Что еще было высказано тогда? Что накопилось, пока мать и дочь вдвоем существовали в комнатках с фанерной перегородкой? Может быть, с той поры у Лизиной мамы и осталась морщинка между бровей, своей суровостью, пасмурностью противоречащая ее нежному облику? Тогда же вошло в привычку брезгливо вздергивать верхнюю губу? Кто знает... Но наверняка повадки, вкусы Лизиной мамы вырабатывались в противоположность бабусиным.
И мамин характер обнаруживался как бабусин контраст.
Бабуся болтала, мама молчала- бабуся плакала, мама крепилась- бабуся исцеловывала внучку, мама сухими губами касалась дочкиного лба.

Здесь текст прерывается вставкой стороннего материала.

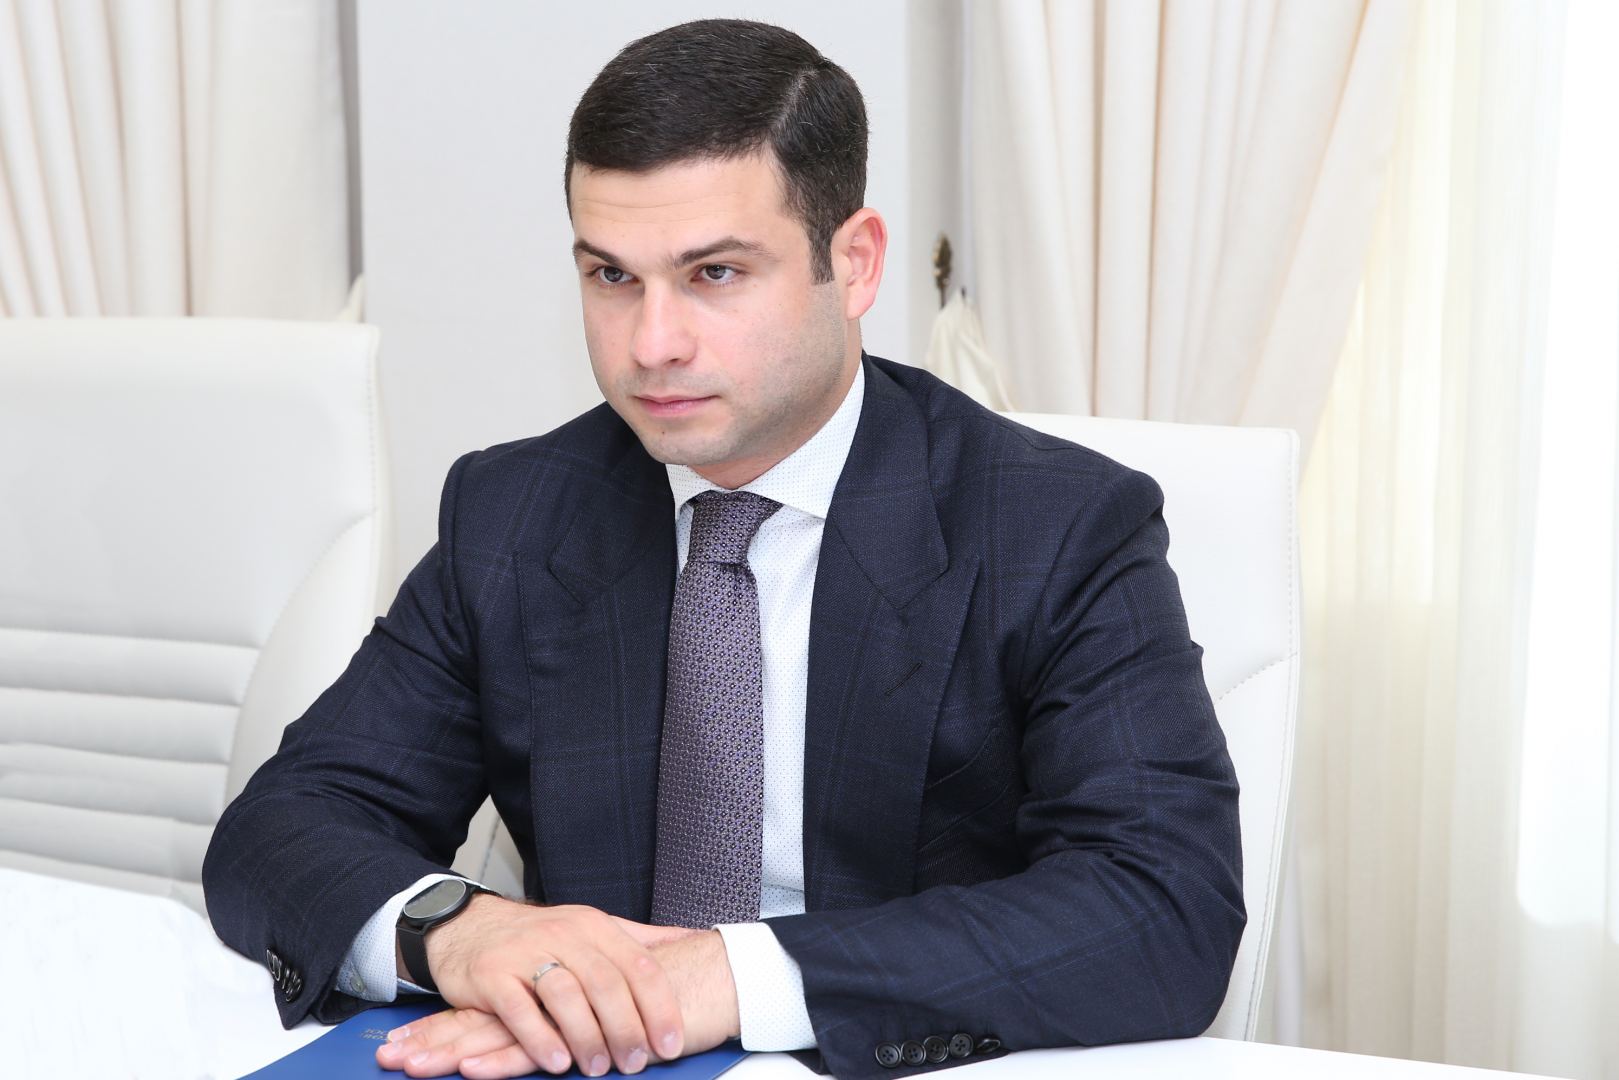 Azerbaijan provides opportunities to make utmost of Karabakh's tourism potential - official

Лиза маму обожала, над бабусей вполне открыто подсмеивалась. А в сердце что-то щемило.
... У них была дружная, крепкая семья, просторный дом, светлые стены, светлый, серебристый мамин смех, чуть, правда, временами колкий, колющий Она вела семейный корабль, а папа, как кочегар, трудился, потому и редко появлялся на палубе, где гуляли, дышали дети. Лиза и ее младший брат.
И время наступило светлое, здоровое, как казалось. Умирать стали от болезней, а не от пуль. Несчастьям, бедам случающимся находились понятные объяснения. Люди переезжали в новые дома, в моду вошла функциональная, как считалось, мебель, оказавшаяся, к сожалению, непрочной, но об этом узнали потом.
Родителям Лизы по душе пришелся новый стиль, отвергающий без сожалений старье, безделки, шкатулки с пряным, шелковым, выстеганным квадратами нутром, где кто-то когда-то хранил зачем-то чьи-то письма и прочую, прочую ерунду, от которой лишь пыль собиралась. Окна– настежь, комнаты надо проветривать, избавляться от лишних вещей. И эмоций.
Веселым, размашистым жестом сбрасывали с подоконников цветы в горшках, всякие там герани, фикусы, освобождали книжные полки от разных ненужностей, устарелых брошюрок, растрепанных сборников заумных стихов, разрозненных томов из собраний с "ятями". Снимали со стен пейзажи, где тянулись, длились как бы на одной печальной низкой ноте поля, леса, даль, ширь – снимали, заворачивали в газету, несли в комиссионки: одно время затор там образовался из этюдов Серова, Левитана, Коровина...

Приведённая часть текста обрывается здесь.